How did Iggy Pop get so thin

The last living communist

The most beautiful scene of this film, composed entirely of beautiful scenes, shows a talk show in America. You can see the undulating host and Iggy Pop, the singer. Iggy Pop says: “My art is Dionysian. In case you are familiar with the difference to Apollonian. ”The question will have been once again why an artist behaves like a madman while under drugs, why he sing songs like“ I Wanna Be Your Dog ”and why he gets naked on stage must roll in pieces. But what should one answer someone who has not read his Nietzsche?

The film is called "Gimme Danger", like an old song by Iggy & The Stooges. Iggy Pop sits with the director Jim Jarmusch, who has always had a big heart for noble savages like John Lurie and Tom Waits, at home in Florida in front of a self-painted mural and talks about his life. Next to them, a skull grins into the camera. After 70 years of life, the punk's grandfather has frozen into a picture on which a long-haired, leather-skinned factotum "1969" and "Search And Destroy" growls. Unfortunately, everyone who likes him sees him that way today. As the last of his kind, as a great primitive in the ever-shrinking world of pop music.

Jim Jarmusch brings people to light, without whom the figure would not exist. "Jim Osterberg as Iggy Pop" is written in the opening credits, because they are both one and also not, a man and his role in life. "I was young," says Iggy, "and in a rock band." Before he founded the Stooges, he was a child who heard the noise of the Ford factories on a school trip in Detroit, the "mega-sound" as he explains in the film , learned to appreciate. The family lived in the trailer. When Jim, little Iggy, wanted to learn the drums, his parents let him have the comparatively spacious bedroom. So he became a great musician and good person.

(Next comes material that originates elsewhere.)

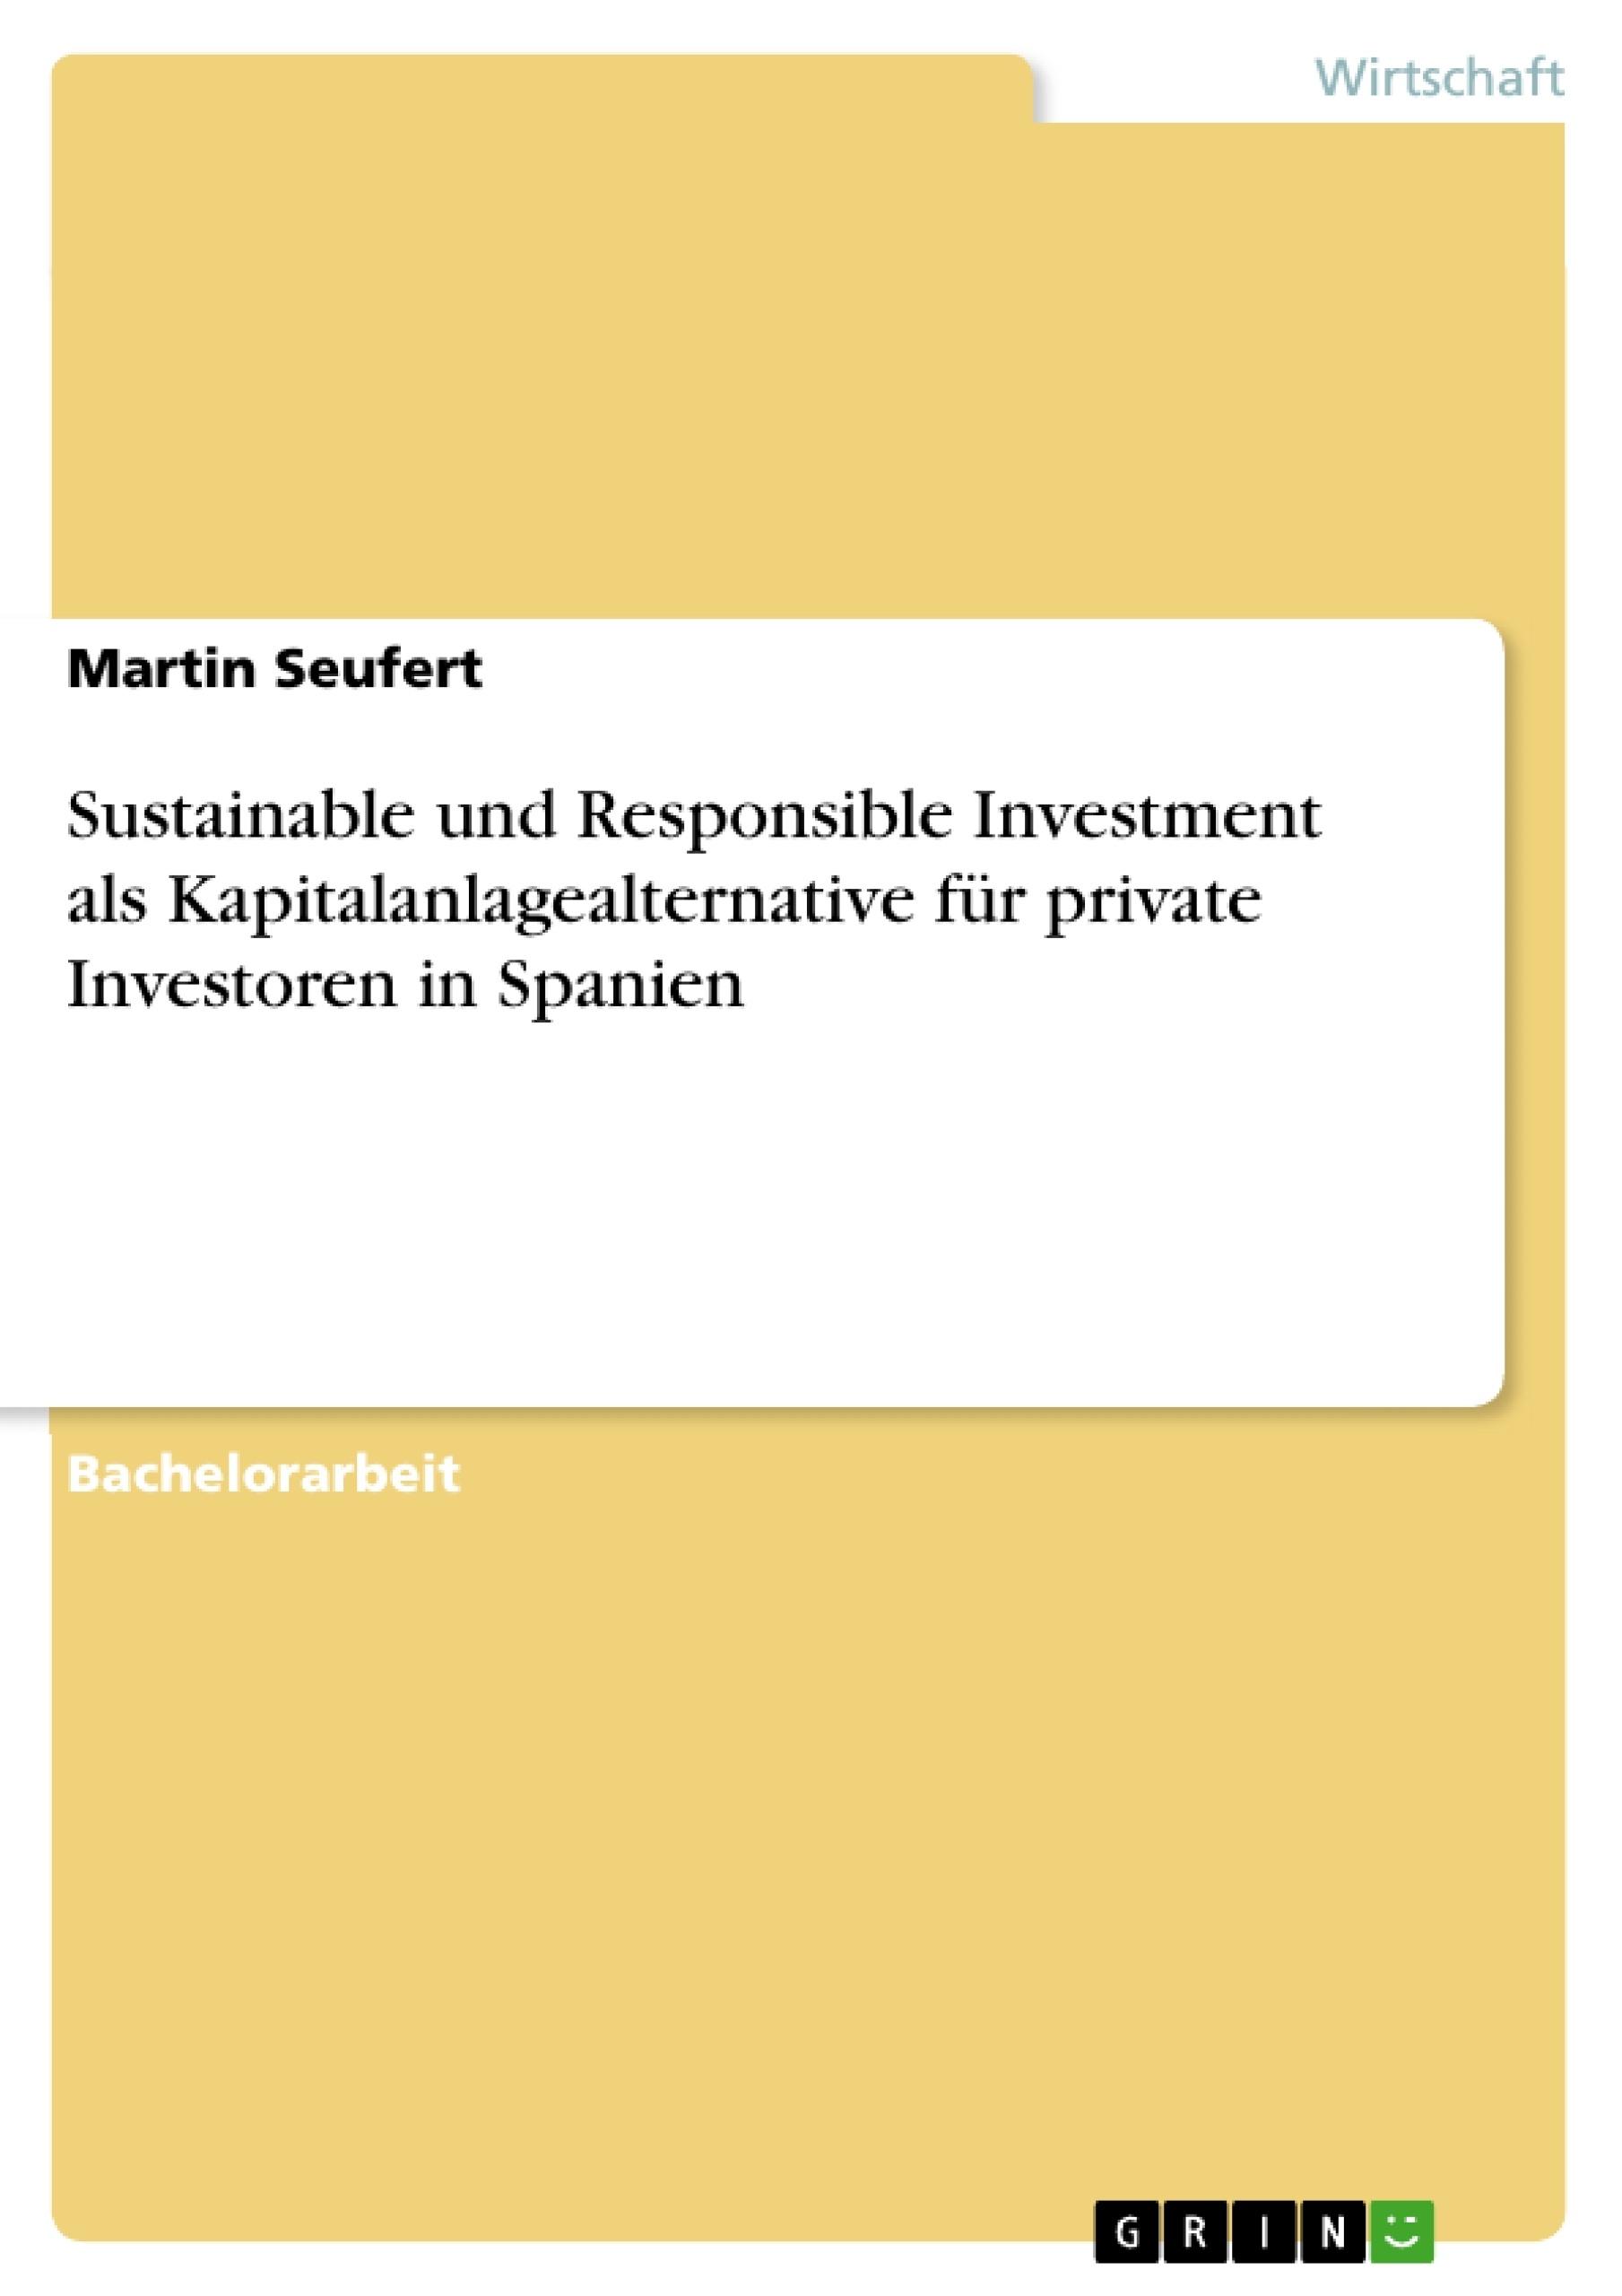 Titel: Sustainable und Responsible Investment als Kapitalanlagealternative für private Investoren in Spanien

With his first band, the Iguanas, he moved to Chicago, where black blues was played as rock music. Until he sat on the bank, paused to think about it for a long time, and realized that he wasn't black. In Ann Arbor, west of Detroit, Iggy Pop founded a flat share and a band in a shaky house, which was first called The Dirty Shames and The Psychedelic Stooges and, from 1967, burst into the age of love and peace as The Stooges. Iggy became a singer because he no longer wanted to "stare at asses" as a drummer. He watched his stage dances from the baboons. The guitarist Ron Asheton liked to wear armbands and medals that his father had captured at the front in the German Reich. They didn't feel like conventional musicians, but rather as avant-garde because they played on vacuum cleaners and self-made instruments. "Sometimes I could still sing, sometimes not," remembers Iggy. “Something always went wrong,” recalls his guitarist.

There was more to it. "We were true communists," says Iggy Pop in the film, they shared everything. Only the rock commune MC5 was more communist than it: John Sinclair, a avowed anarchist, ran the band's business and led a party, the White Panthers, to ruin Western culture. Iggy and the Stooges didn't like it. When John Sinclair swung his speeches, Iggy would do somersaults to distract himself. "We preferred to stay out of it," he reports to Jim Jarmusch. "That's why they thought we were nihilists." As befits any ordinary nihilist, Iggy refused anything that struck him as overly affirmative. You can see cheerful people dancing in robes. You can hear hippies singing their hymn to the “Marrakesh Express”. It's shocking when Iggy scolds: “Even back then, something like that was hatched during some meetings. That stinks. Still. ”The pop industrial complex. Now Iggy herself was never beyond the system. You can see him after the Stooges on the side of David Bowie and inventing punk when punk was not yet called that. Jim Jarmusch films the covers of all records that would never have existed without Iggy, from the Sex Pistols, Nirvana and so on. But Iggy Pop was always a clever dialectician who could survive in the middle of the system in his own bubble. He never wrote songs of more than 25 words without "Dylan-bla-bla-bla," as Iggy says. He kept himself thin with qigong and swimming and pretended that the early sins alone created his body.

When the Stooges reunited in the noughties, he demanded an immoral sum to share with the others without losing anything. Quite the prudent communist. Jim Jarmusch writes about him on the back of the album for the film "Gimme Danger", Iggy Pop embodies Nijinski, Bruce Lee, Harpo Marx and Rimbaud in one person. Iggy has never been so pretentious, he says: “I just want to be.” Now he's 70 and as old and wise as he always was.